Grundsätzlich anders liegen die Dinge indes bei der Vollstreckung einer Auskunftsverpflichtung bezüglich der Herkunft und des Vertriebsweges der in Rede stehenden Produkte. Es geht dem Berechtigten in diesen Fällen ausschließlich um die Erlangung von Angaben, die keinen technischen Hintergrund aufweisen. Die Notwendigkeit der Mitwirkung des Patentanwalts bei der Durchsetzung solcher Ansprüche ist daher – jedenfalls in der Regel – nicht ersichtlich.
Das vorliegende Zwangsvollstreckungsverfahren erfüllt nach dem Gesagten nicht die Voraussetzungen einer geschmacksmusterrechtlichen Streitigkeit. Der Antragsgegnerin ist auferlegt worden, die Namen, Anschriften von Herstellern, Vorbesitzern, Lieferanten, Abnehmern und Verkaufsstellen sowie die Mengen der umgesetzten Veneers anzugeben. Wie den Akten zu entnehmen ist, ist sie dieser Verpflichtung, wenn auch sukzessive, durch die Mitteilung ihres Lieferanten und ihrer Abnehmerin sowie durch die Vorlage ihrer Preisliste und die Angabe der Summe der verkauften Veneers nachgekommen. Zwischen den Parteien gab es nicht etwa einen Streit darüber, ob die betreffenden Produkte Gegenstand der Unterlassungsverfügung waren oder nicht. Somit bedurfte es auf der Gegenseite ersichtlich nicht der Unterstützung durch einen Patentanwalt. Das Verfahren hätte vielmehr auch allein von den – zumal in wettbewerblichen Streitigkeiten offensichtlich erfahrenen – anwaltlichen Bevollmächtigten der Antragstellerin betrieben werden können.

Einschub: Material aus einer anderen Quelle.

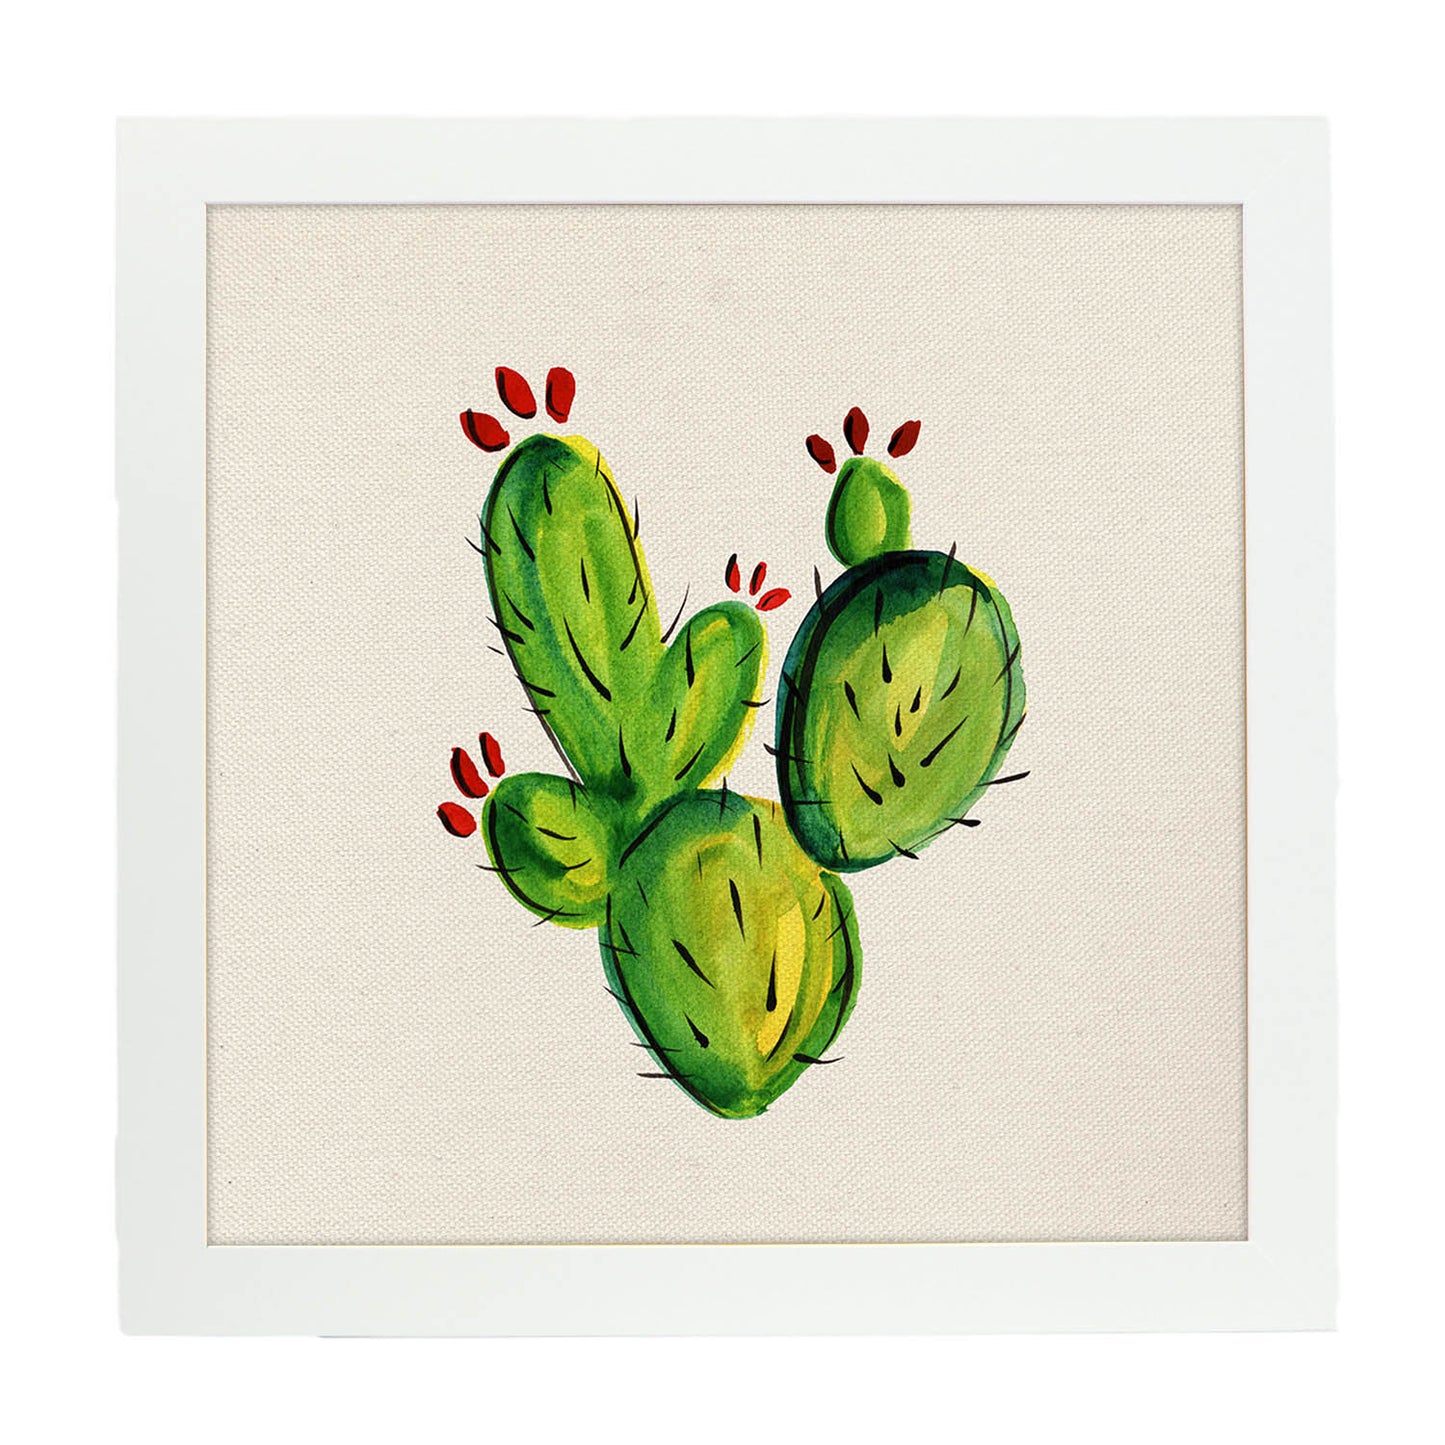 Poster de cactus dibujado. Lámina de Mírame, no me toques-Artwork-Nacnic-20x20 cm-Marco Blanco-Nacnic Estudio SL

Der Senat verkennt nicht, dass das OLG Stuttgart eine Erstattungsfähigkeit der Kosten des Patentanwaltes nach § 52 Abs. 4 GeschmMG auch im Falle einer Zwangsvollstreckung zur Erzwingung einer Auskunft angenommen hat (Beschl. v. 21.3.2005 – 8 W 106/05). Das Gericht hat es dabei für die Annahme einer geschmacksmusterrechtlichen Streitsache genügen lassen, dass eine Meinungsverschiedenheit darüber, welche Gegenstände noch in den Auskunftsanspruch fallen und welche nicht, nicht habe ausgeschlossen werden können. Dieser, auf eine rein abstrakte Gefahrenlage abstellenden Betrachtungsweise folgt der Senat nicht. Vielmehr ist in jedem Einzelfall zu prüfen, ob konkrete Anhaltpunkte für eine solche Auseinandersetzung vorliegen.

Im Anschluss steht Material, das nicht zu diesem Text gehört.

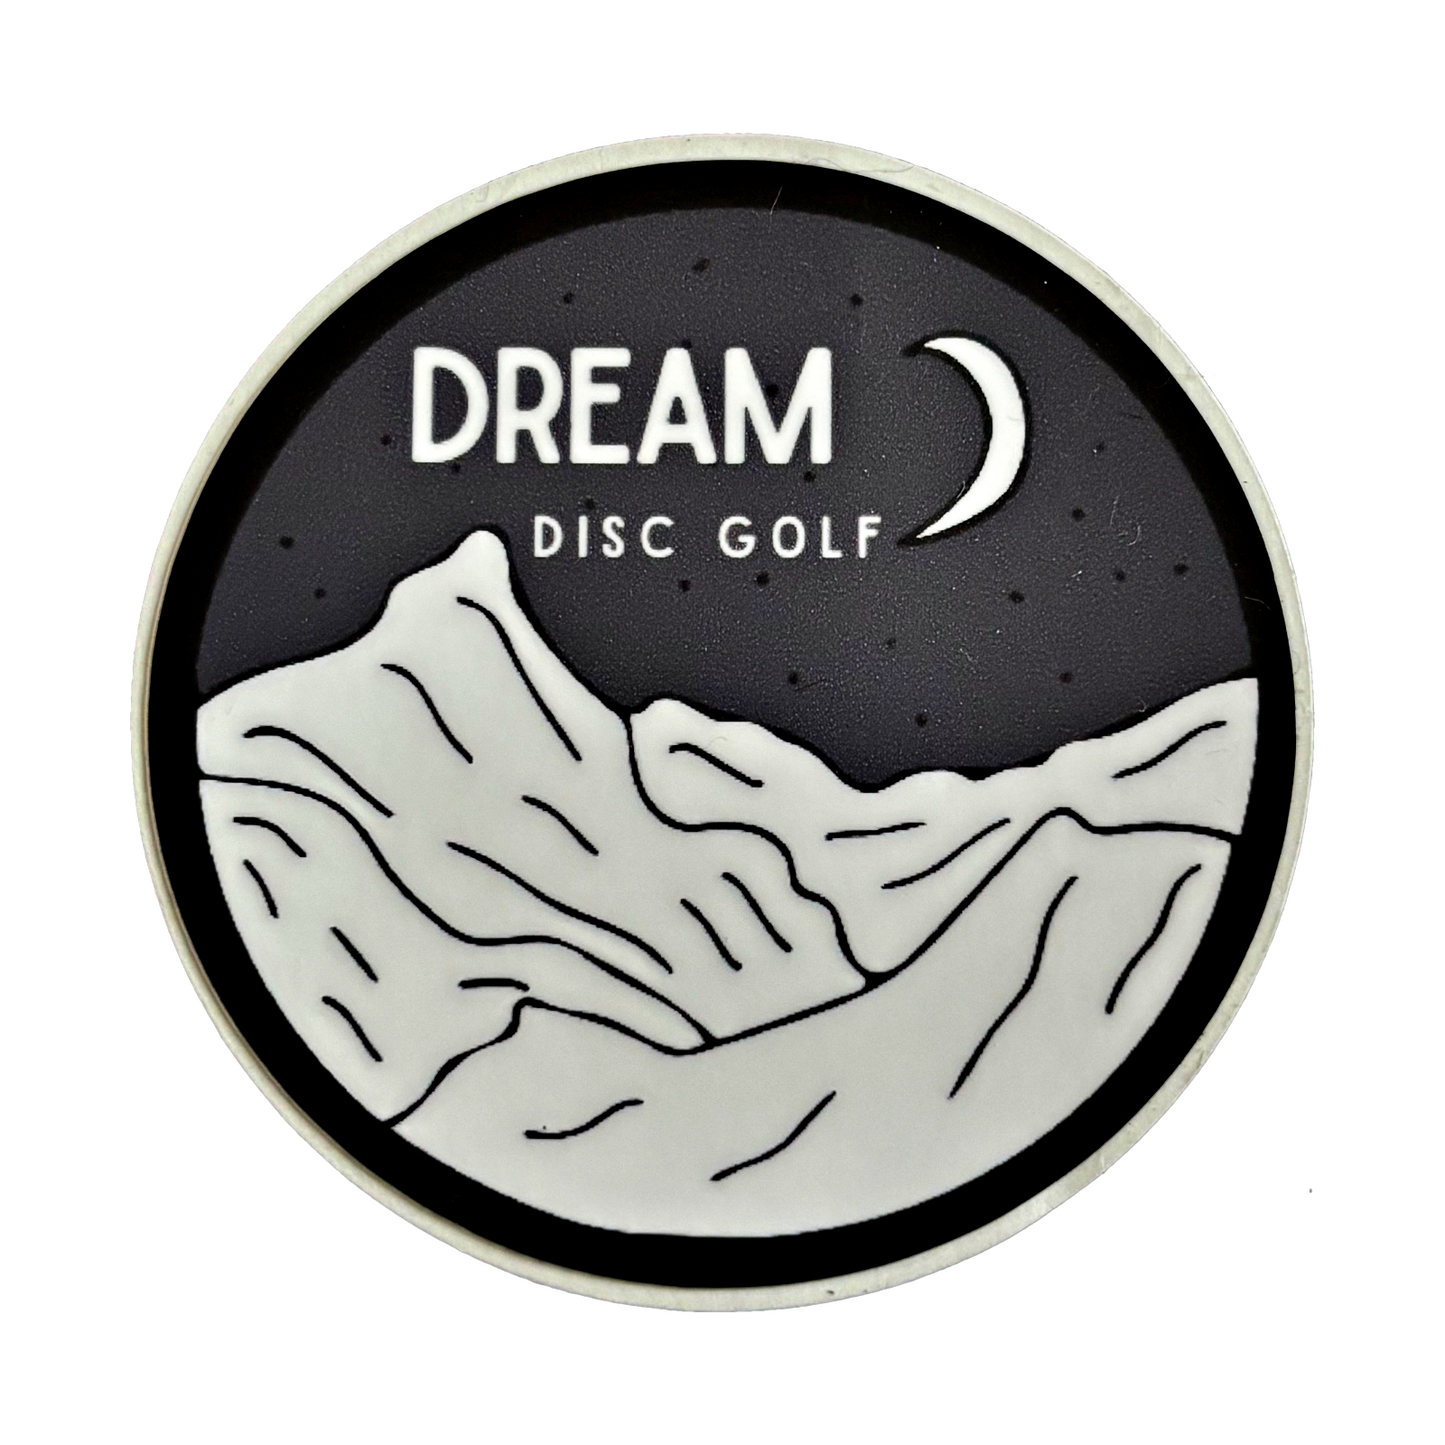 Dream DG Stickers

2. Greift eine Kostenerstattungspflicht der Antragsgegnerin nicht schon auf der Grundlage von § 52 Abs. 4 GeschmMG, so hat die Antragstellerin auch nicht dargelegt, dass die Mitwirkung ihrer Patentanwälte aus sonstigen Gründen erforderlich war. Dafür ist nichts ersichtlich. Es kann auf das oben Gesagte verwiesen werden.